Legal fees: to cap or not to cap?
Alternative fee arrangements have become vital in ensuring better allocation of risks and alignment of incentives in ways that best suit the client’s goals for a particular case or portfolio of work. Doing so requires an understanding of how alternative fee structures shift financial risks between the client and their attorney and potentially affects the incentives of the law firm in how it utilises resources and manages a case. Of course, this is only possible if lawyers are subject matter experts able to ascertain the risk/complexity ratio and understand their clients strategic and financial goals.
Properly structured and implemented, value-based alternative fee arrangements should nurture a long-term partnership built on creating and maintaining value for the client.
These alternative fee arrangements should be mutually beneficial for both the client – who wants cost certainty and better value – and the law firm – which wants to remain profitable, despite no longer being assured of payment for every hour invested in the engagement.
Internationally, law firms have widely adopted flexible fee structures viz fixed or capped fees has become quite commonplace in relation to disputes.
But what are capped fees and what are fixed (or flat) fees?
Capped fees are based on the number of hours multiplied by the hourly rates of the lawyers involved, so the eventual fee may be less than the agreed cap, but never more.
Flat or fixed fees are instances where the attorney earns a specified mutually agreed fee, whether the work gets done in 50 or 100 hours to resolve the matter.
Alternative fees, be they fixed or capped, are well-suited for a few instances, being:
- A large portfolio of litigation matters, where risk of under-budgeting or over-budgeting can be diversified, other than being inherent in any single litigation eg debt review applications in terms of the National Credit Act.
- A phased-billing approach, where it is easier to estimate phases of the disputes than it is to estimate at the outset the total investment needed to resolve the entire case.
- Where disputes involve common issues and a common life cycle, reducing variability in dispute costs eg specialised sector disputes like construction.
With the cost of litigation becoming unsustainable for businesses, capped or fixed fee structures makes sense in disputes.

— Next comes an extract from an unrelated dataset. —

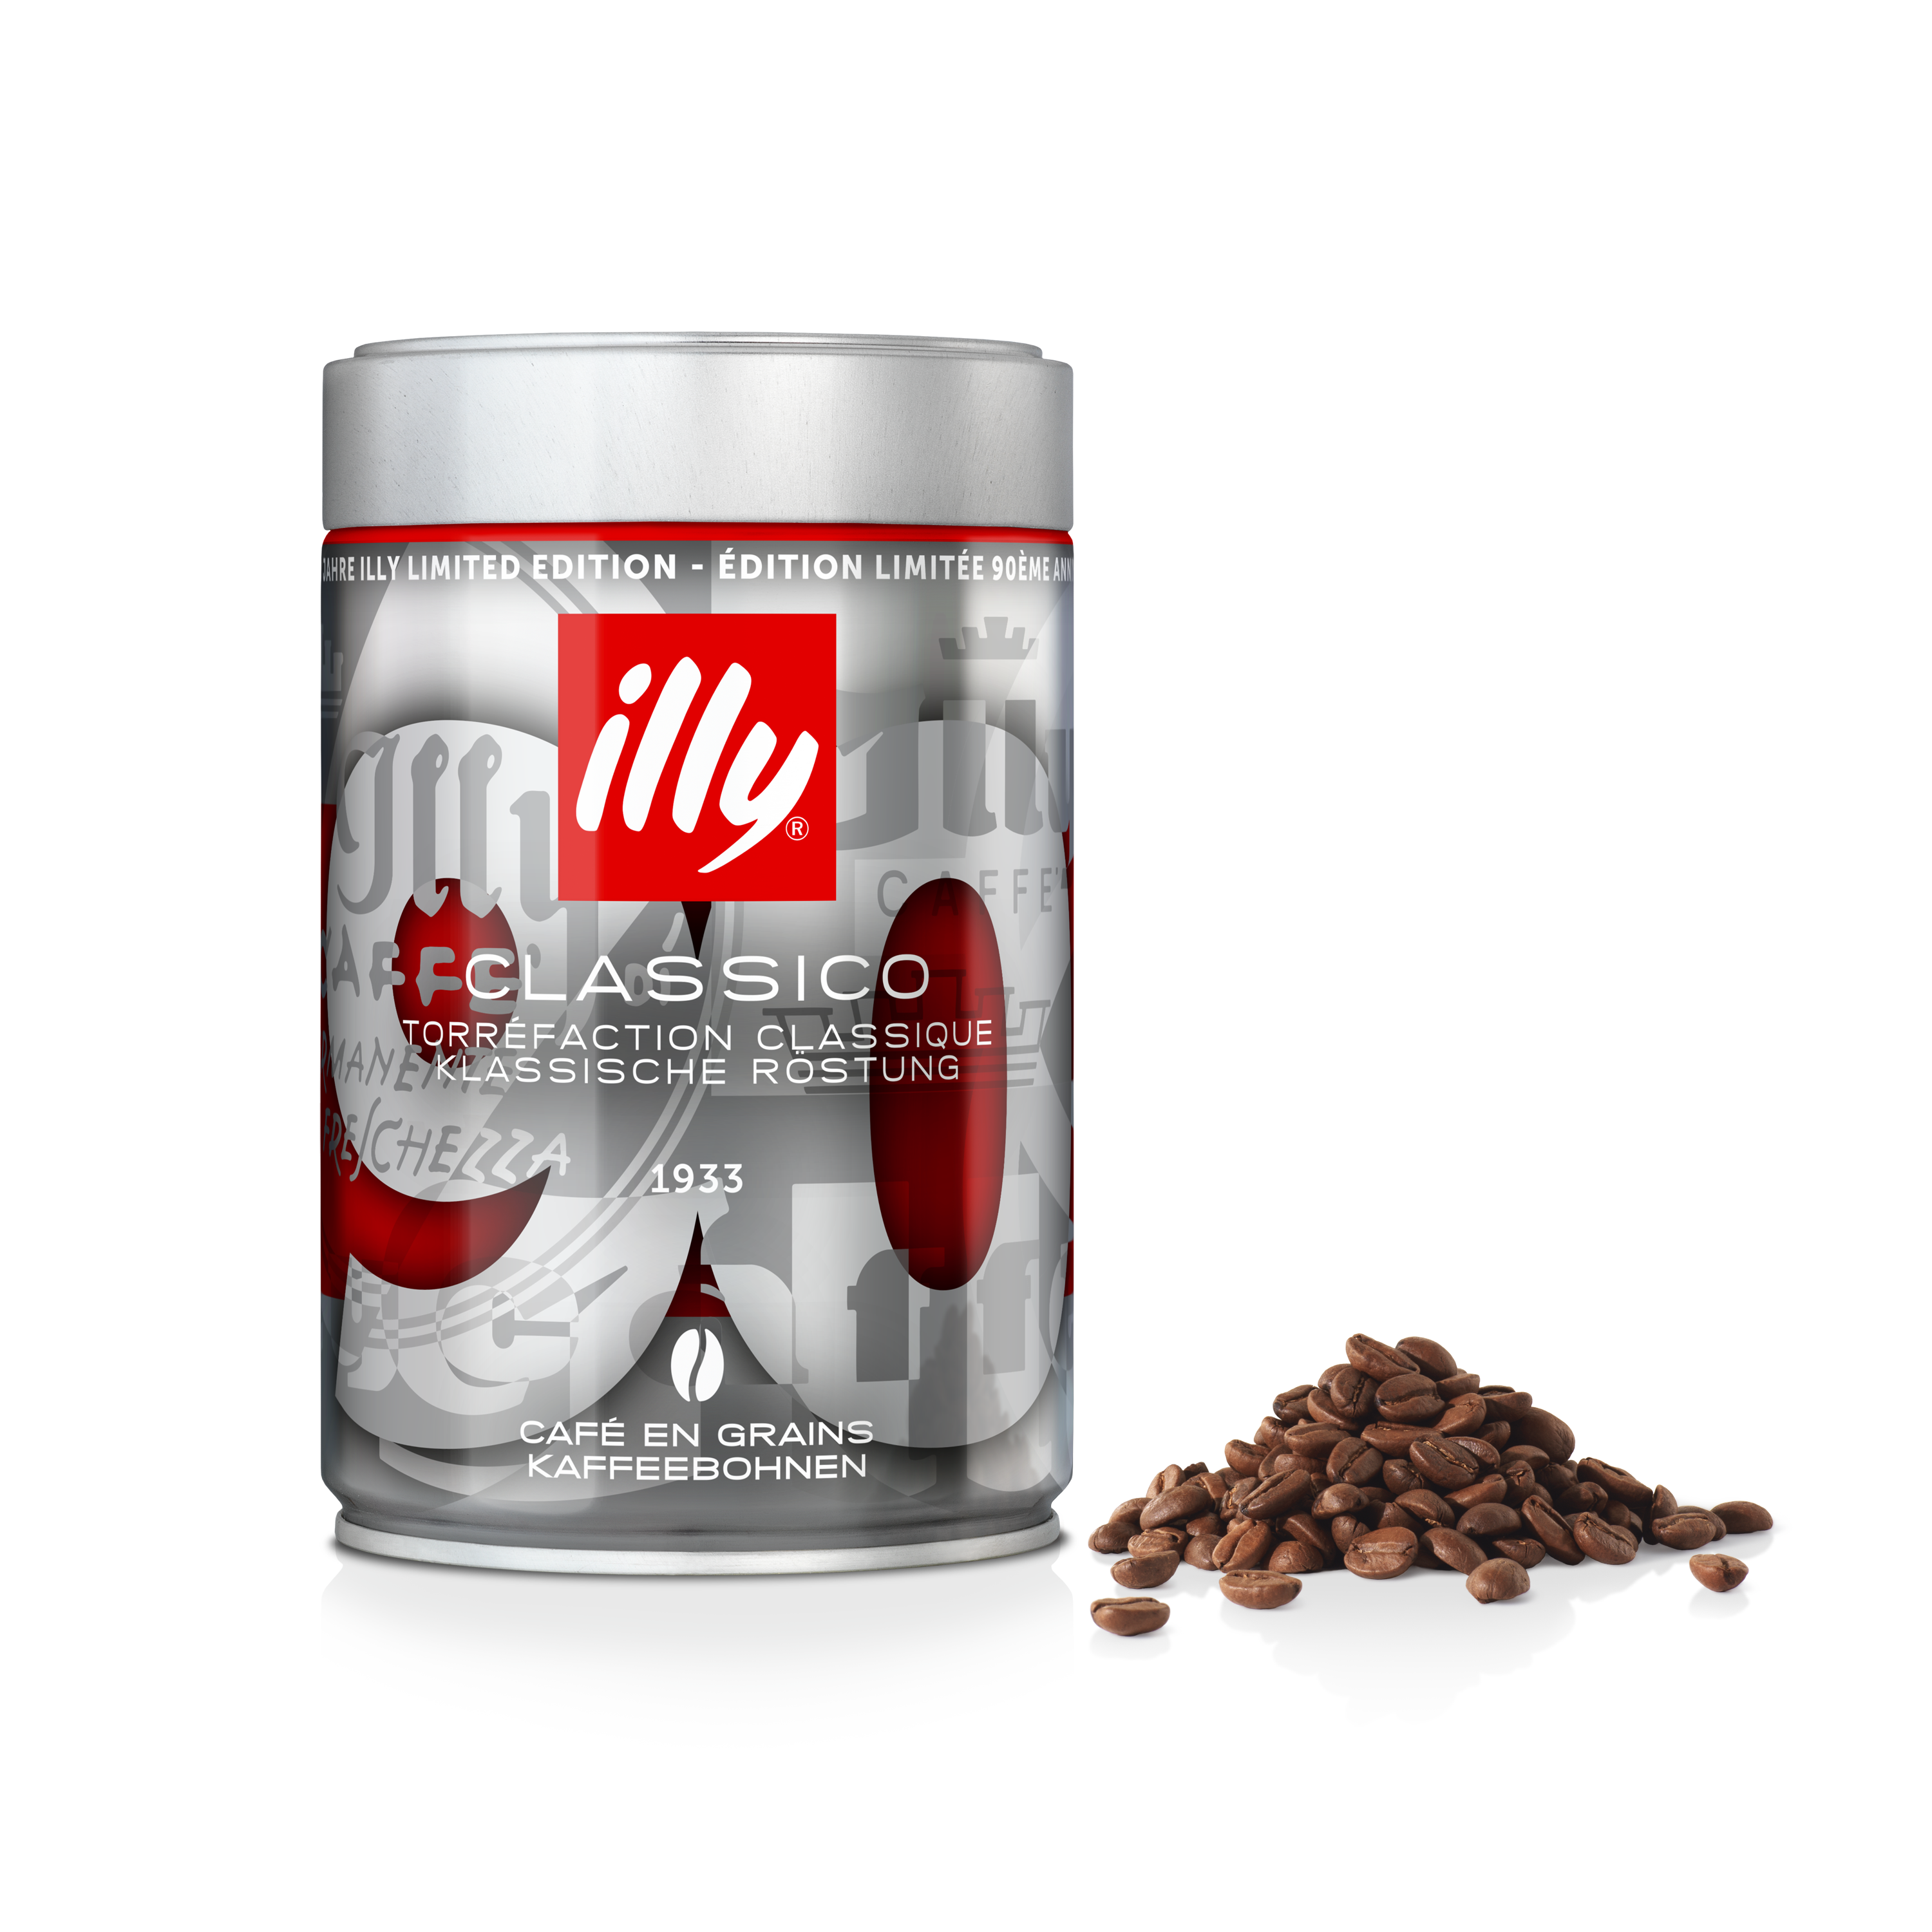 90-jähriges illy Jubiläum: Kaffeebohnen CLASSICO Limited Edition
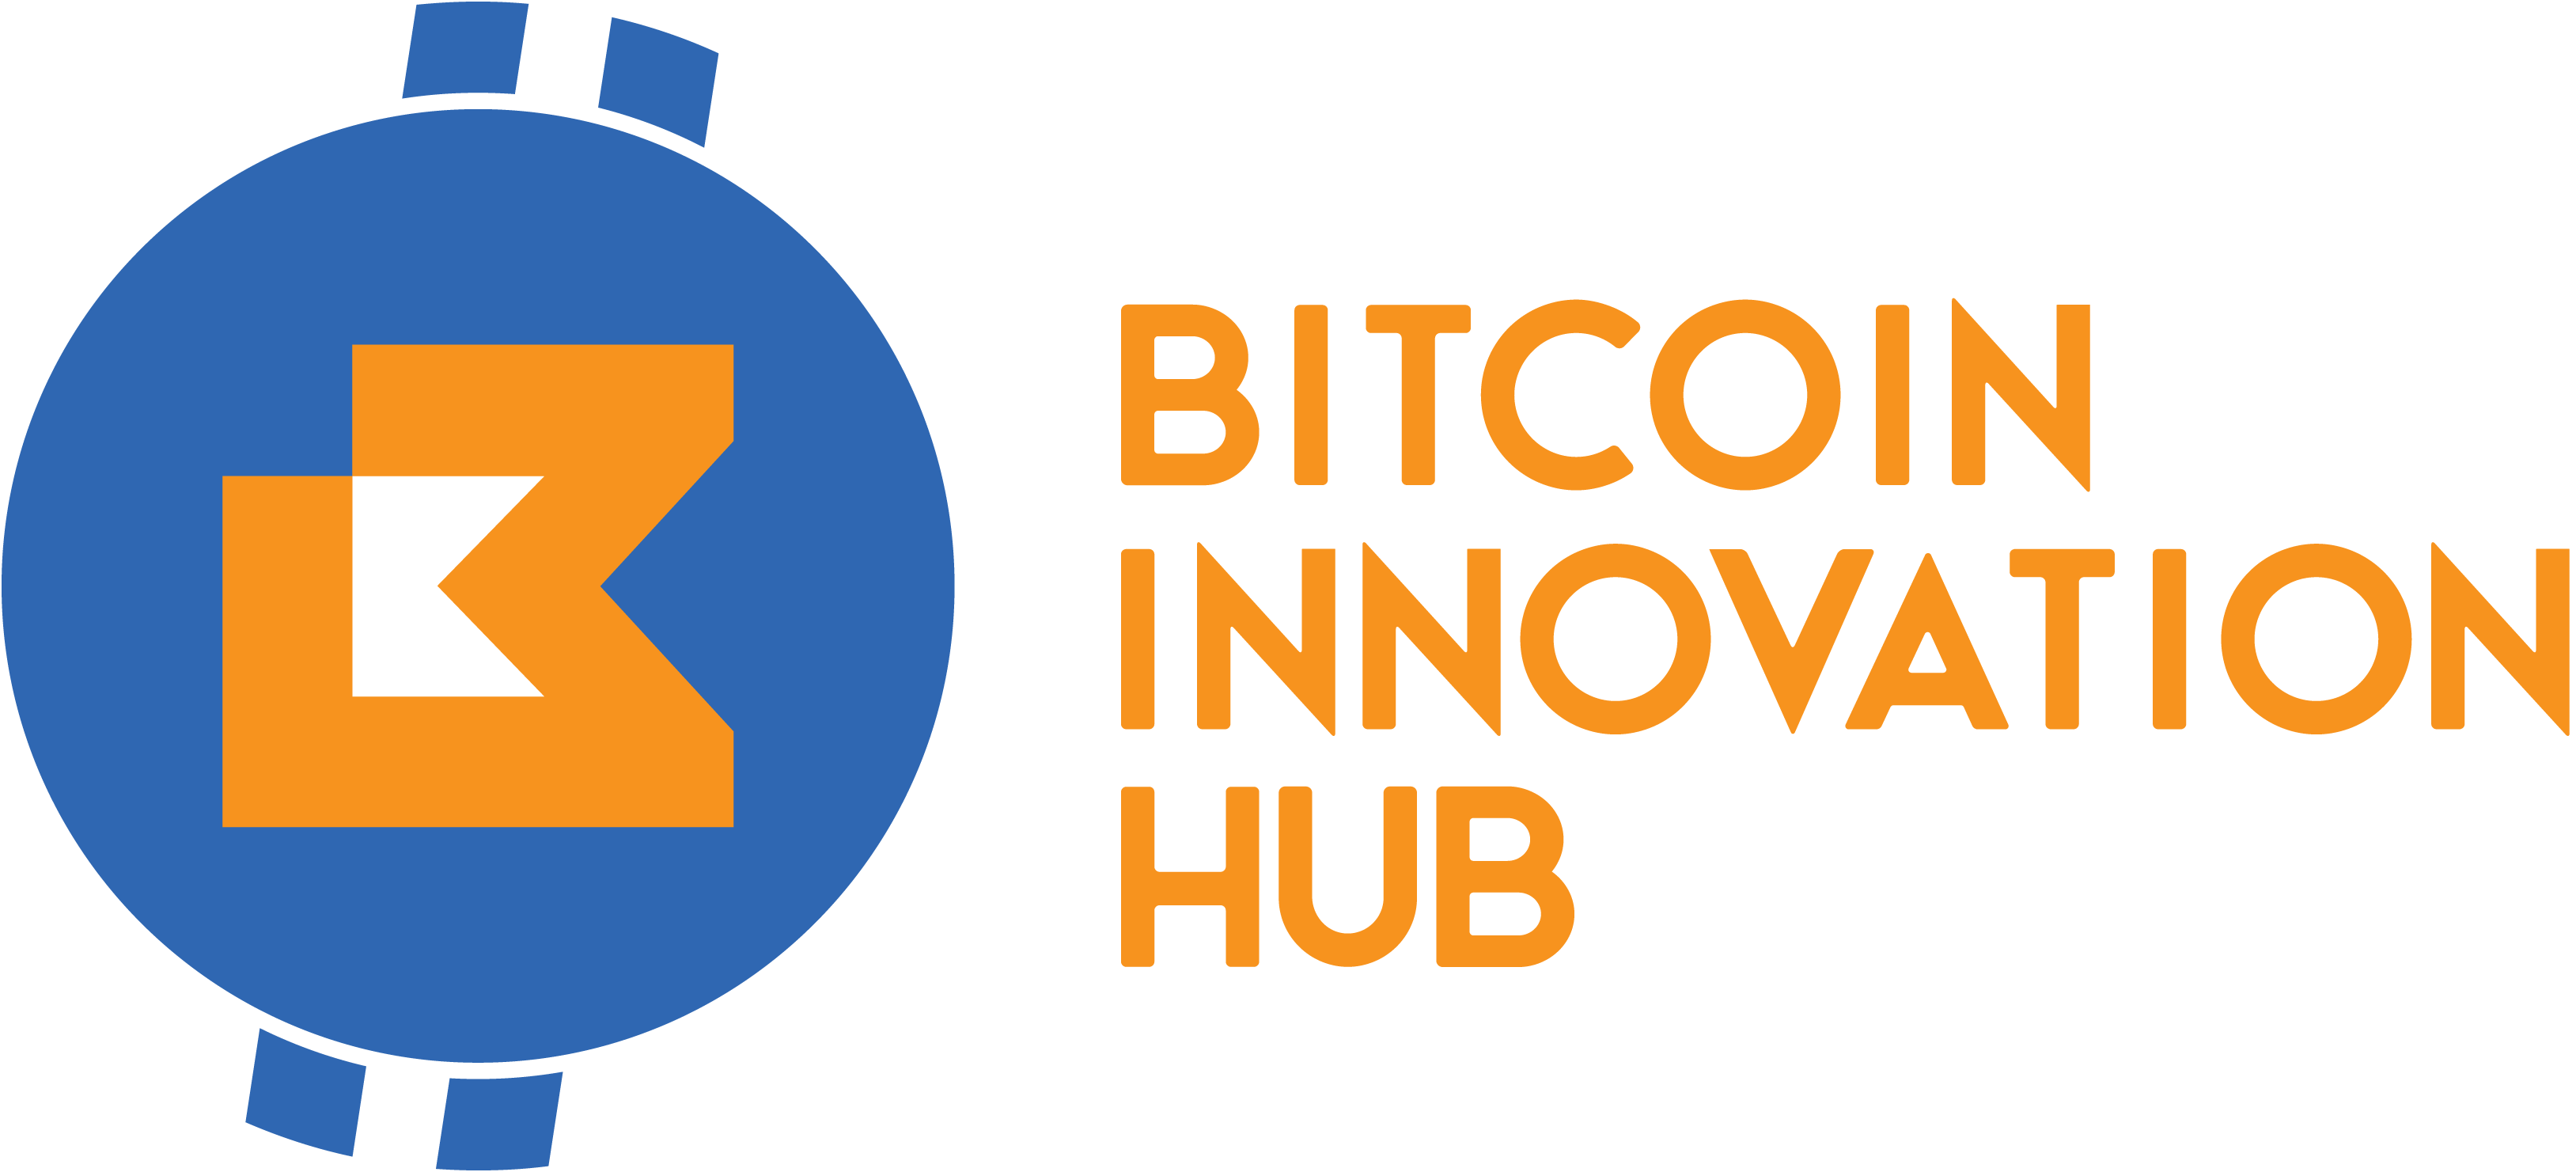 Bitcoin Innovation Hub

Great lawyers will continue to attract business in the context of giving their clients realistic and succinct cost estimates.
Of course, there is no one size which fits all. In some cases, a fixed fee quote could just simply be unaffordable. In other cases, a client might present a matter that is so unique that an hourly estimate is not possible or some firms might find no value benefit from a scope of services offered under the flat-fee arrangement and prefer to engage with ad-hoc advice billed on an hourly fee base, which is more practical and affordable.
In South Africa, notwithstanding the imminent implementation of those sections of the Legal Practice Act, we are lagging behind in offering affordable and predictable alternatives to our clients. In my opinion, fear regarding profitability is only one of the reasons why SA law firms do not cap or fix fees. Legal spend in SA is often relationship based so despite tough economic times, there is little incentive on lawyers to focus on alternative fee structures for disputes – the ubiquitous discount on an hourly rate or an invoice when a client complains isn’t “alternative”!
It also takes a deep understanding of the sector and your clients’ business so that fixed or capped fees are not a gamble but a model based on expertise, experience and acumen.
Until clients start demanding this level of expertise and innovation from their lawyers, law firms are not incentivised to offer any other solution.